= INFORMATION SUPPLIED =

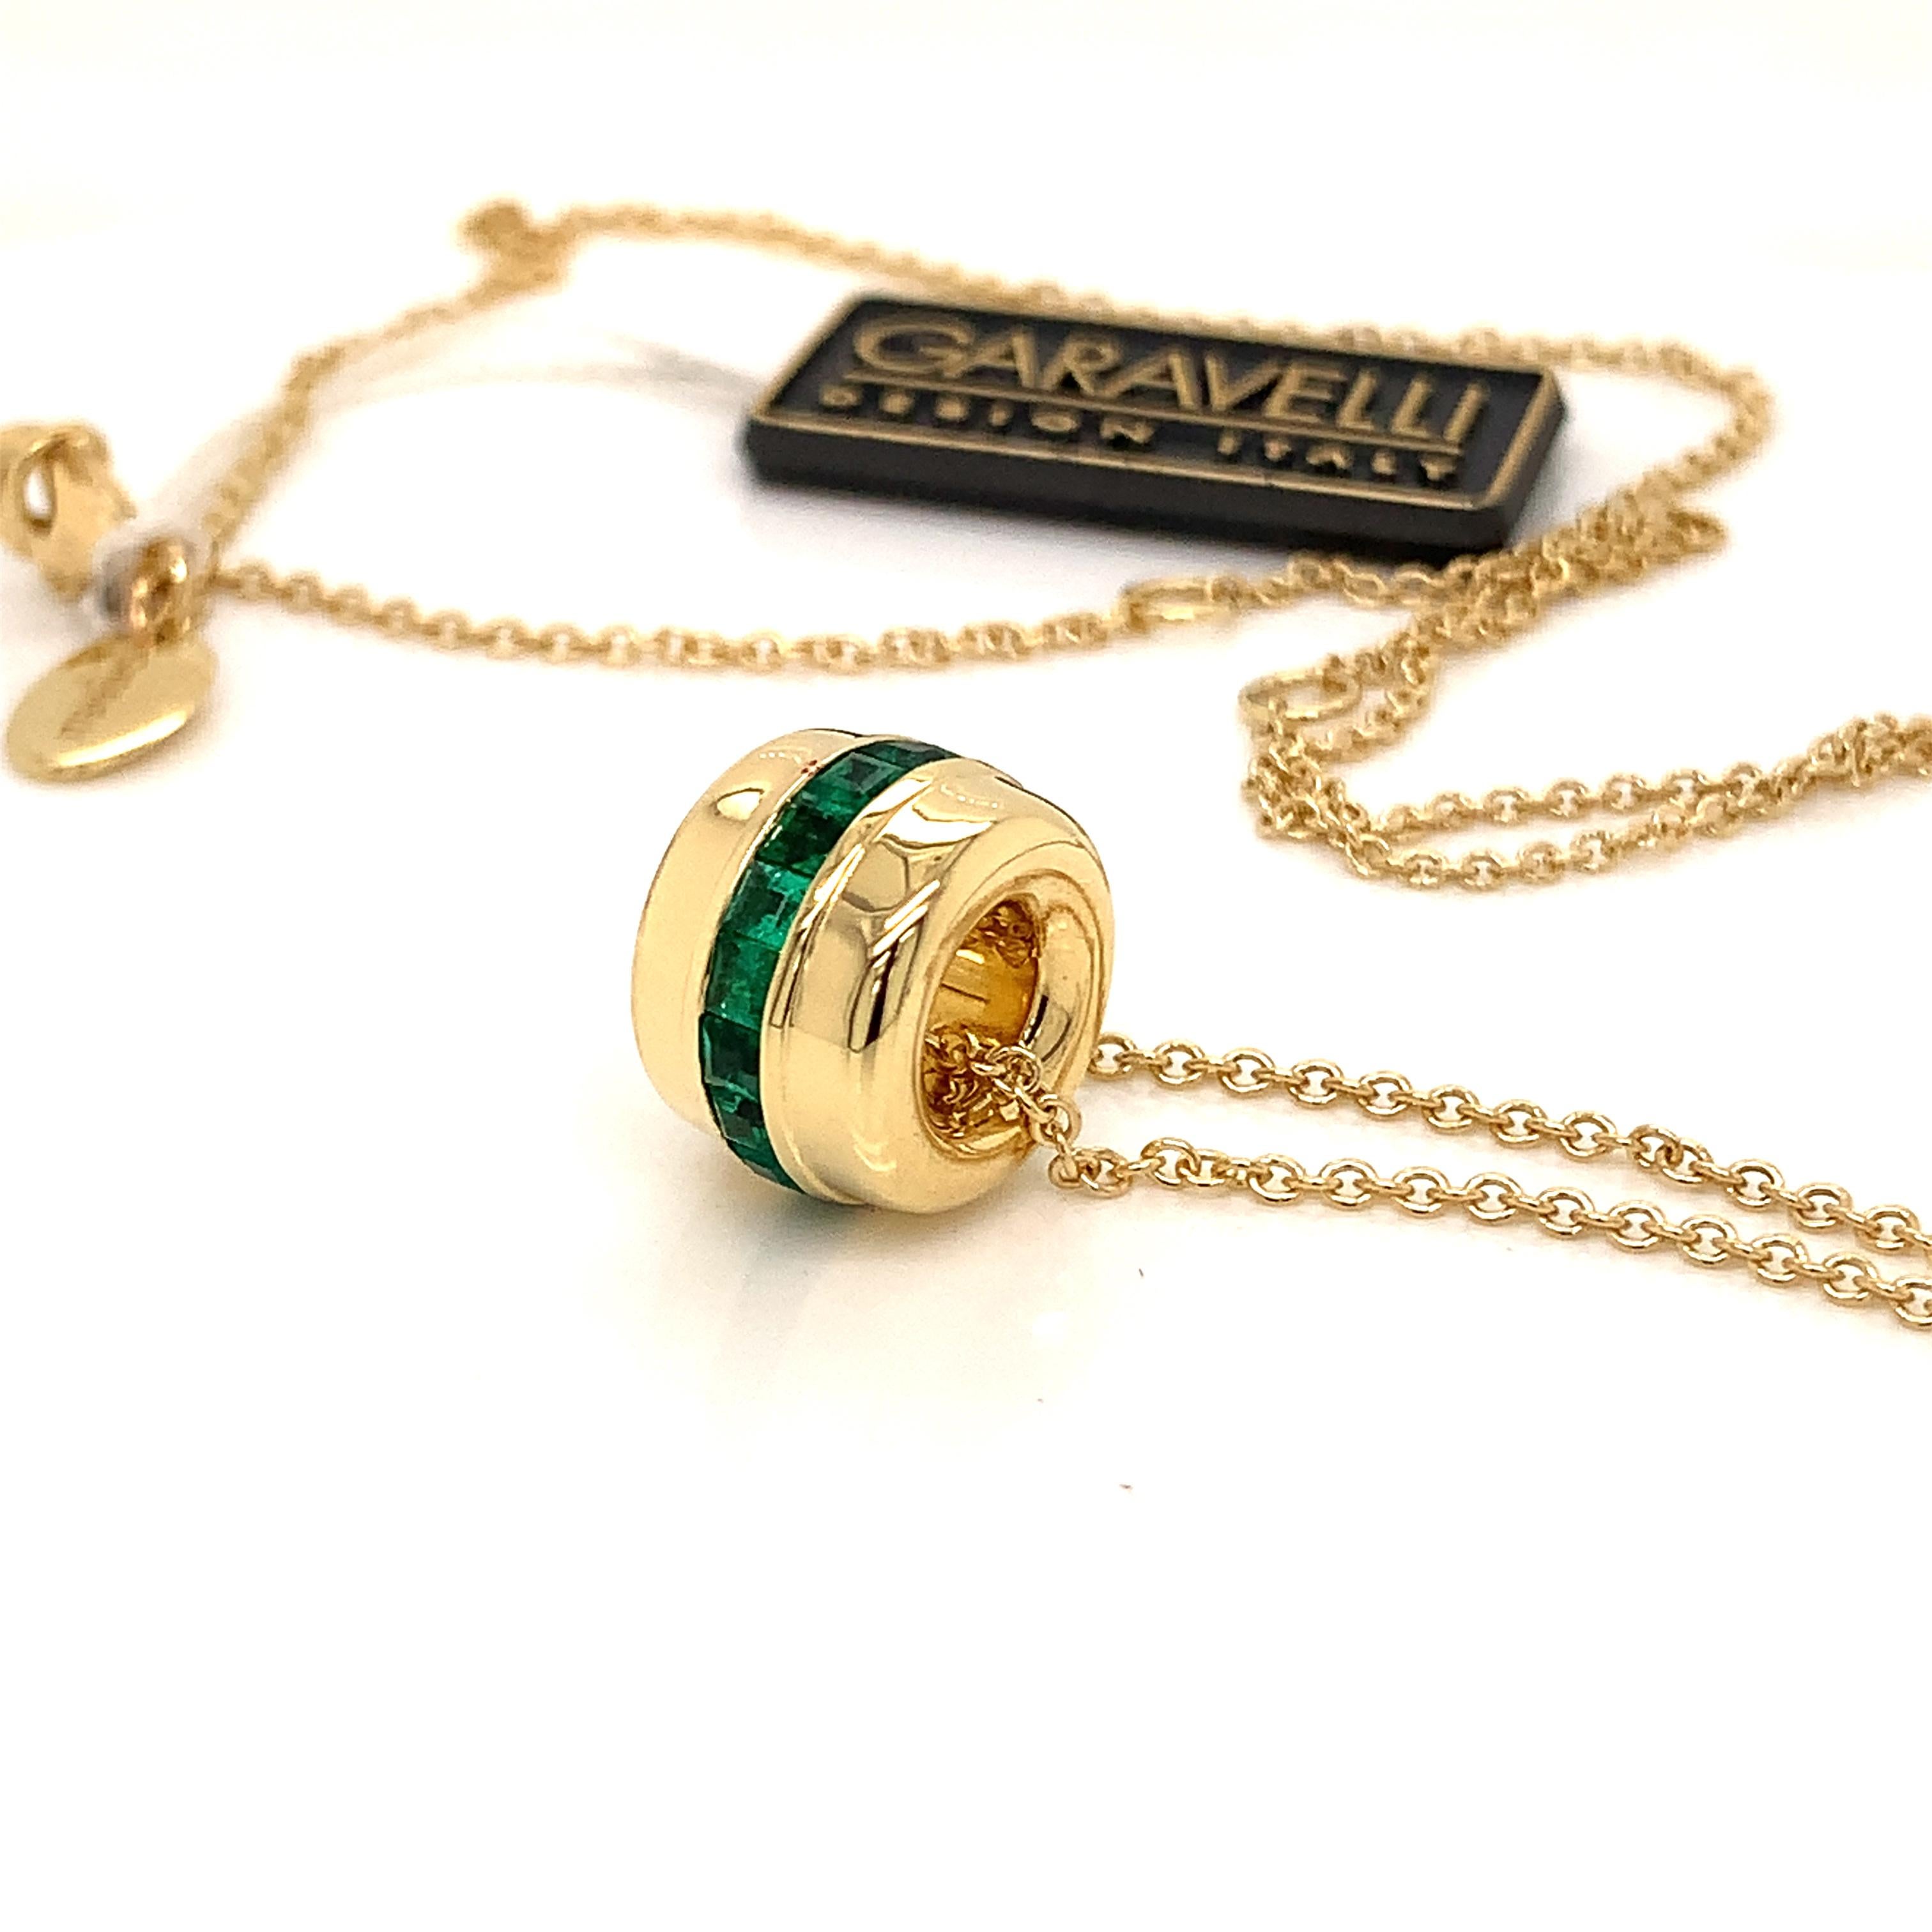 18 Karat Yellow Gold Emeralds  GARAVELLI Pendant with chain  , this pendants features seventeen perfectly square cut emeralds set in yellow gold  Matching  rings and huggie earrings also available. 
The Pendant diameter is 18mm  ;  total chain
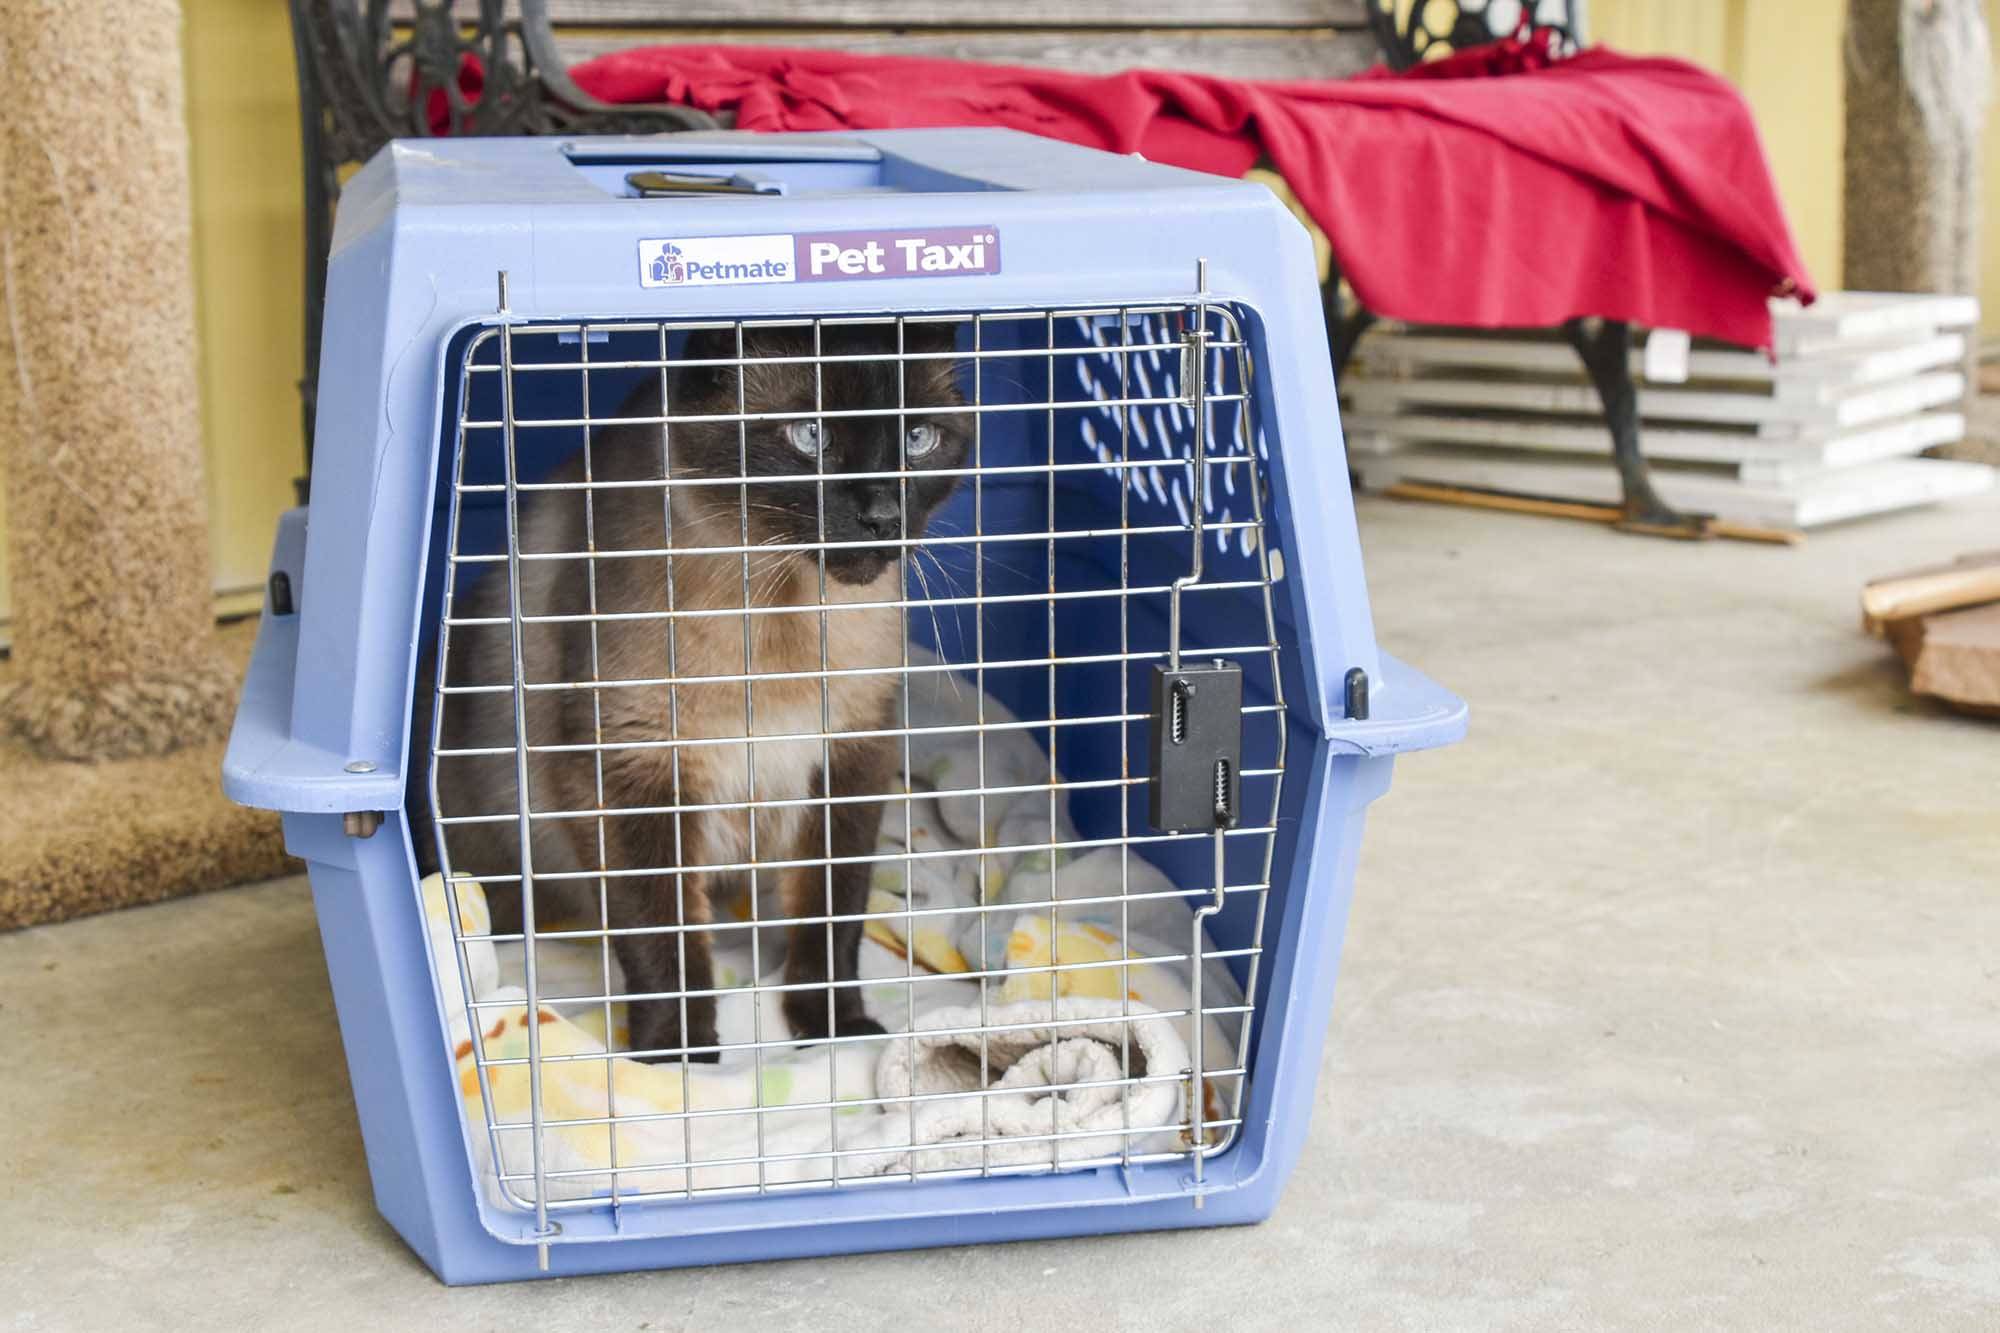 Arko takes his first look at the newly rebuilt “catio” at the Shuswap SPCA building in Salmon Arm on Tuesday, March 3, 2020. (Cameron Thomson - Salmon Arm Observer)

= BRIEF =
Copy each line above exactly, with no images.

= ANSWER BOX =
 18 Karat Yellow Gold Emeralds  GARAVELLI Pendant with chain  , this pendants features seventeen perfectly square cut emeralds set in yellow gold  Matching  rings and huggie earrings also available. 
The Pendant diameter is 18mm  ;  total chain
 Arko takes his first look at the newly rebuilt “catio” at the Shuswap SPCA building in Salmon Arm on Tuesday, March 3, 2020. (Cameron Thomson - Salmon Arm Observer)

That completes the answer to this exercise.